Physical description
Left shoe of leather for a child with rounded toe and ankle strap with buckle. Strap goes diagonally over instep. Seamless quarters and thick sole. Has lost its insole. The ankle strap and the strap holding the buckle, are slotted into slits in the leather (the quarters) with the spade-shaped endings of each strap keeping them safely in place.
Place of Origin
London, England (possibly, excavated)
Date
1450-1550 (made)
Artist/maker
Unknown (production)
Materials and Techniques
Tanned leather and metal (modern thread)
Dimensions
Height: 4 cm, Width: 12.9 cm, Depth: 5.2 cm
Object history note
The majority of the English Medieval and Tudor footwear was donated to the Museum by Talbot Hughes. He was a portrait painter whose purchases of costumes were originally for professional use as props in his paintings. He spent 30 years in building up his collection of historical English costume and footwear, apparently buying many items from auctions but also directly from workmen on building sites.
Historical significance: The shoe is significant both as a relatively rare archaeological find and as an example of a (genre) artist's collecting practice in the late 19th century.
Historical context note
In the medieval and Tudor period, shoes for the wealthy and for formal wear were made of silk or velvet. Leather shoes were probably used for more practical purposes, every day wear, travelling and so forth. The location of the London 'finds' of shoes and the fact that some are slashed in the same way as formal shoes suggest that this shoe was possibly used by lower and middle class citizens of London. By contemporary standards this shoe is small, probably the correct size for a one-year old child. It is practical and ergonomic, and would not seem out of place at the Natural Shoe Store today. It is well-preserved, and shows little signs of wear.
In the Middle Ages the only method of construction was for the 'turned-shoe' which had a rand in between the sole and and the upper. In the late Middle Ages a new method developed - the 'welted shoe'. The upper was henceforth attached to an insole and a welt (a strip of leather) which ran round the shoe; a second row of stitches pierced the welt in order to attach insole and welt to the sole. The other change in construction was the moving of the principal upper seam to the centre back of the shoe, thus producing the traditional vamp and pair of quarters (see Swann, June, Shoemaking (Aylesbury: Shire Publications Ltd., Shire Album 155, 1986). The dating of this shoe is speculative as the fact that it has no seam on the upper back might be indicative of 15th century rather than 16th century production.

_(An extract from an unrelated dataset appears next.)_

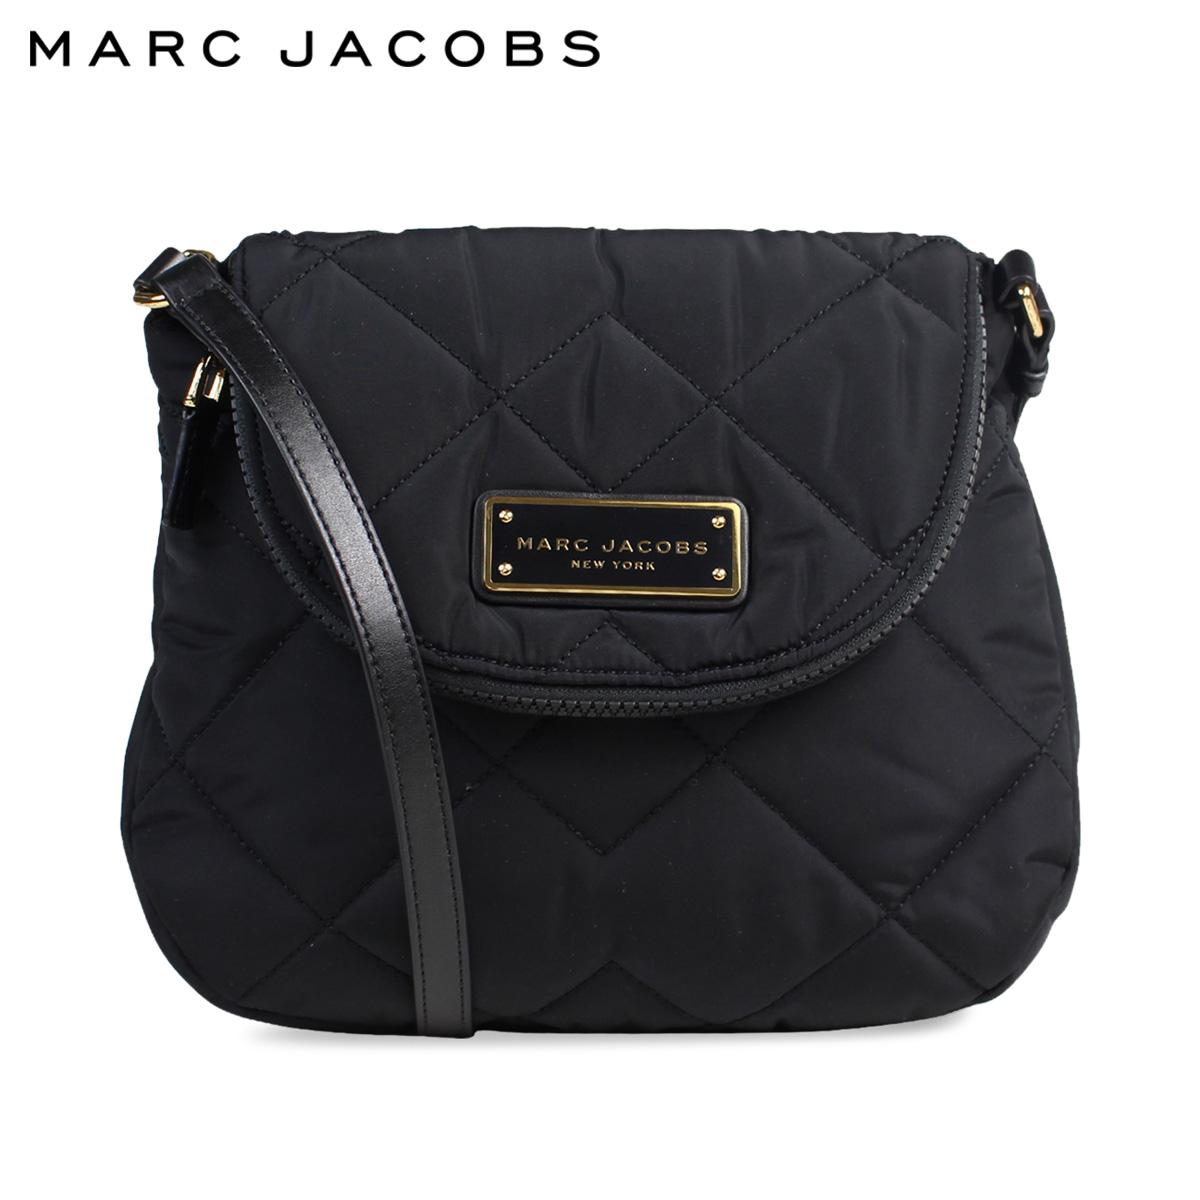 Mark Jacobs Marc Bag Shoulder Lady S Quilted Natasha Nylon Mini M0011379 Black 6 12 Shinnyu Load

The medieval and Tudor shoes found in London were made by cordwainers (shoemakers) in London. Guilds of cordwainers were formed in Oxford in 1131 and in London before 1160. The trade standardised measurements for shoes in 1305, a move that suggests that shoes might be acquired both bespoke and ready-made. There was also a profitable second-hand trade in old leather shoes and shoes were often repaired. While most shoemakers were capable of making repairs, they considered the task inferior to that of making new shoes. Different craftsmen, such as cobblers, tended to carry out such repairs. Shoes were sold in towns and at the great medieval fairs.
A large number of leather objects was excavated in London and its neighbourhood from rubbish heaps and plague pits in the early 20th century, notably at Finsbury, Moorgate and London Wall. These 'finds' were not excavations in the modern sense but rather 'finds' made by workmen on building sites and during dredging of the river (see Grew, Francis & de Neergaard, Margrethe, Shoes and Pattens. Medieval Finds from Excavations in London:2 (London: Her Majesty's Stationery Office, 1988). The Museum of London has a complementary collection of shoes.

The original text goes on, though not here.